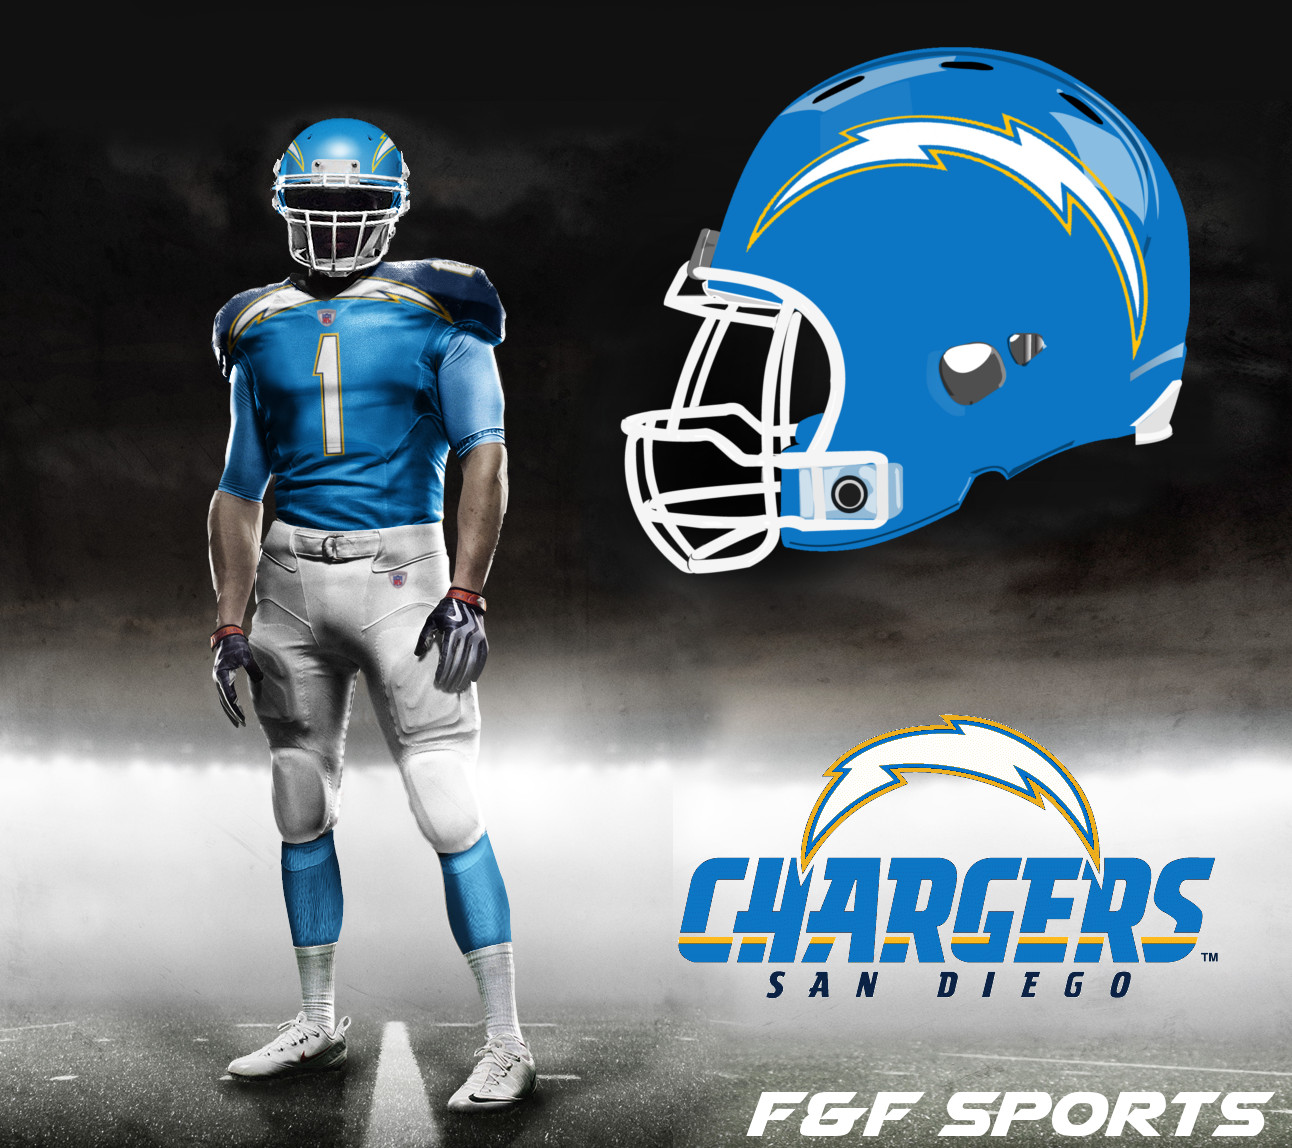 chargers-concept-home.jpg
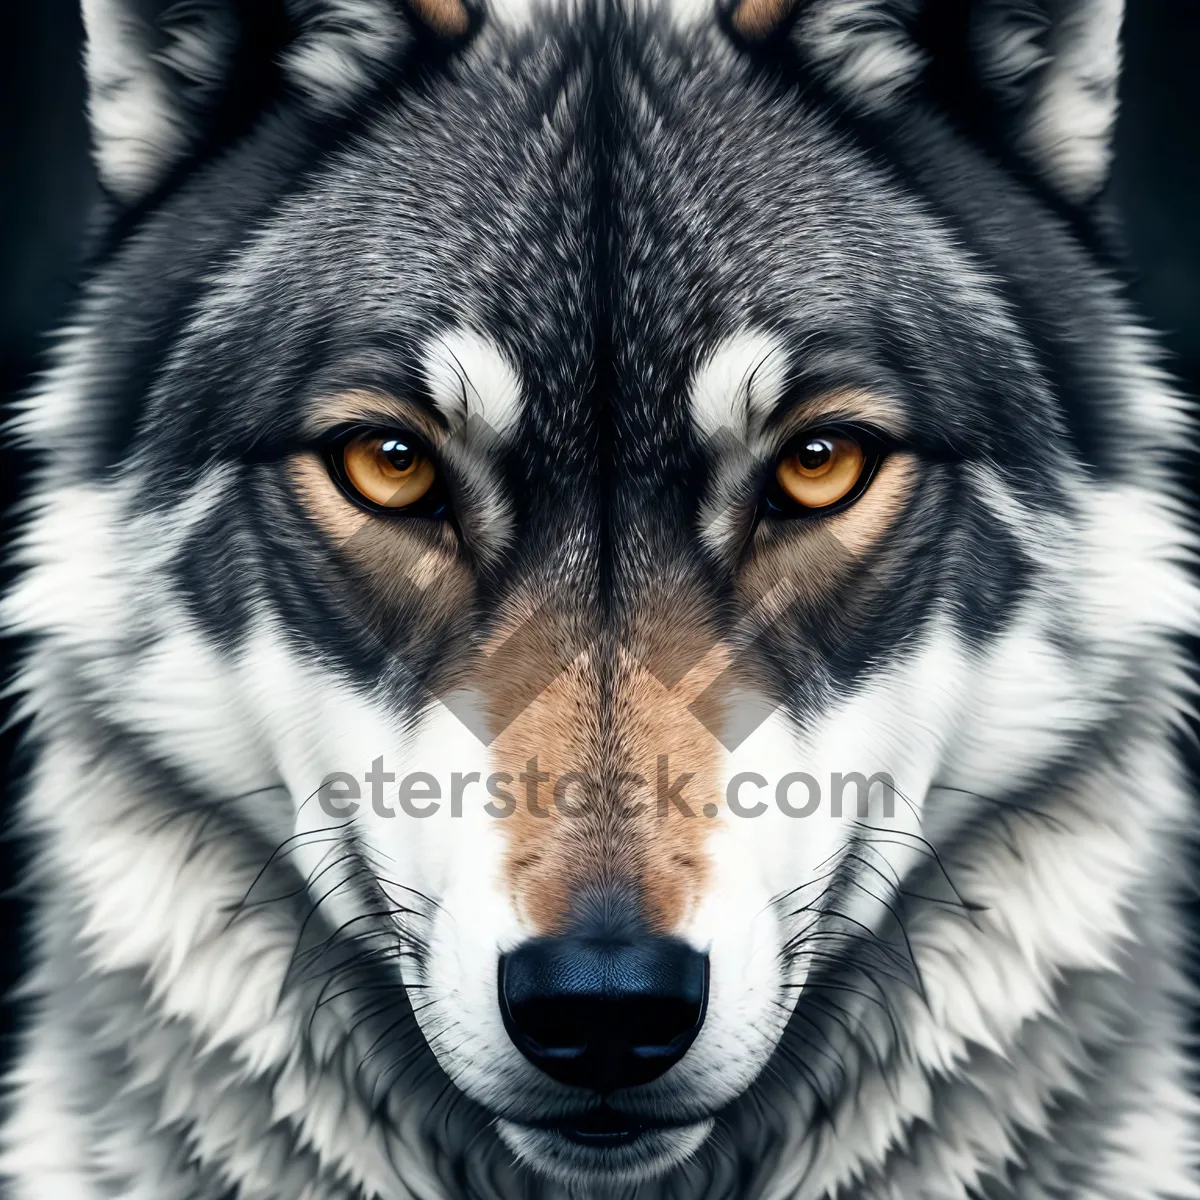 Picture of Wild Canine Portrait: Captivating Red Wolf with Piercing Eyes.
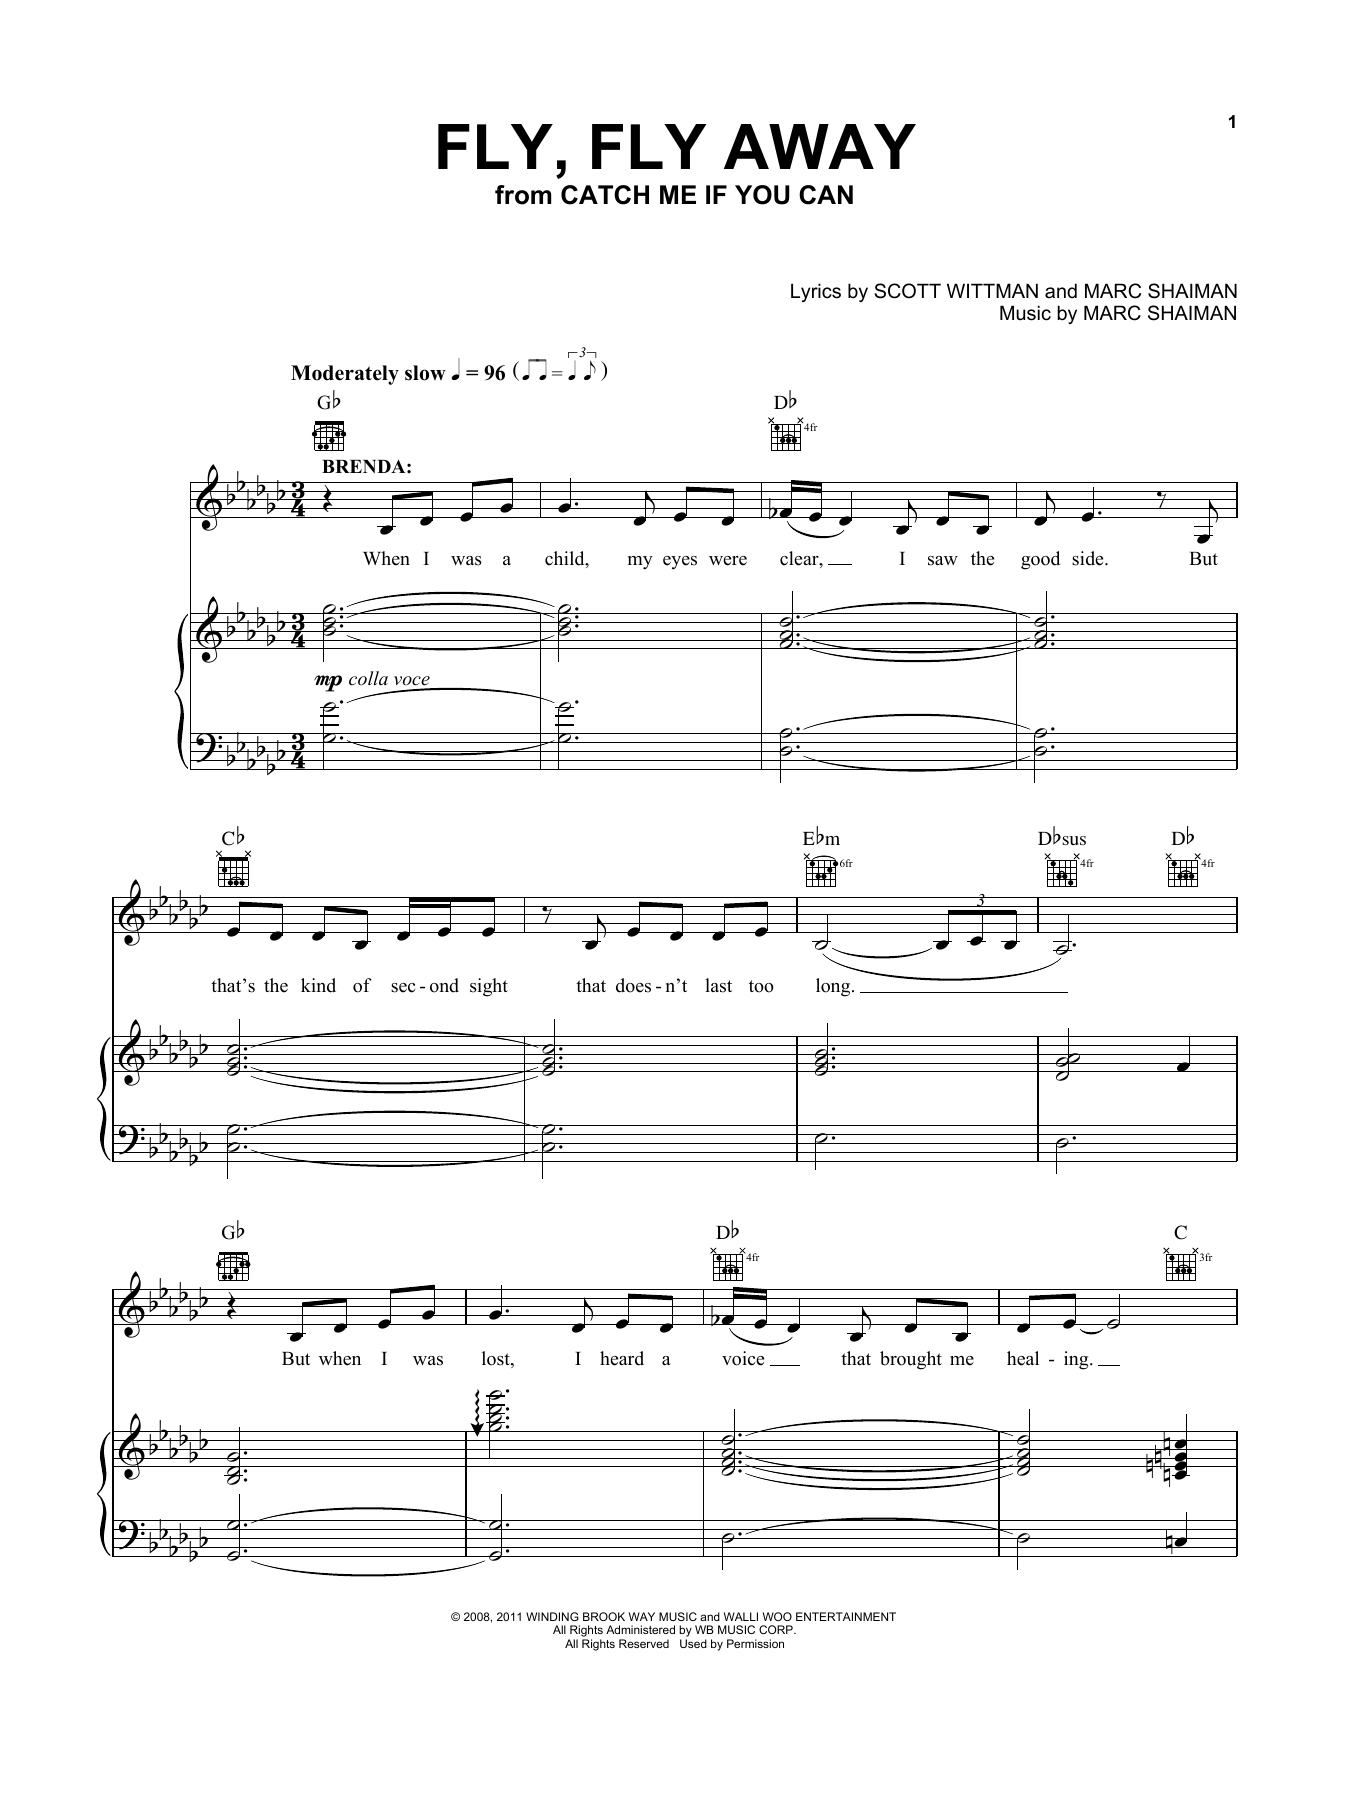 Download Kerry Butler Fly, Fly Away (from Catch Me If You Can Sheet Music

Instructions to follow:
Reproduce the data above word for word, but leave the images out.

Response below:
 chargers-concept-home.jpg
 Picture of Wild Canine Portrait: Captivating Red Wolf with Piercing Eyes.
 Download Kerry Butler Fly, Fly Away (from Catch Me If You Can Sheet Music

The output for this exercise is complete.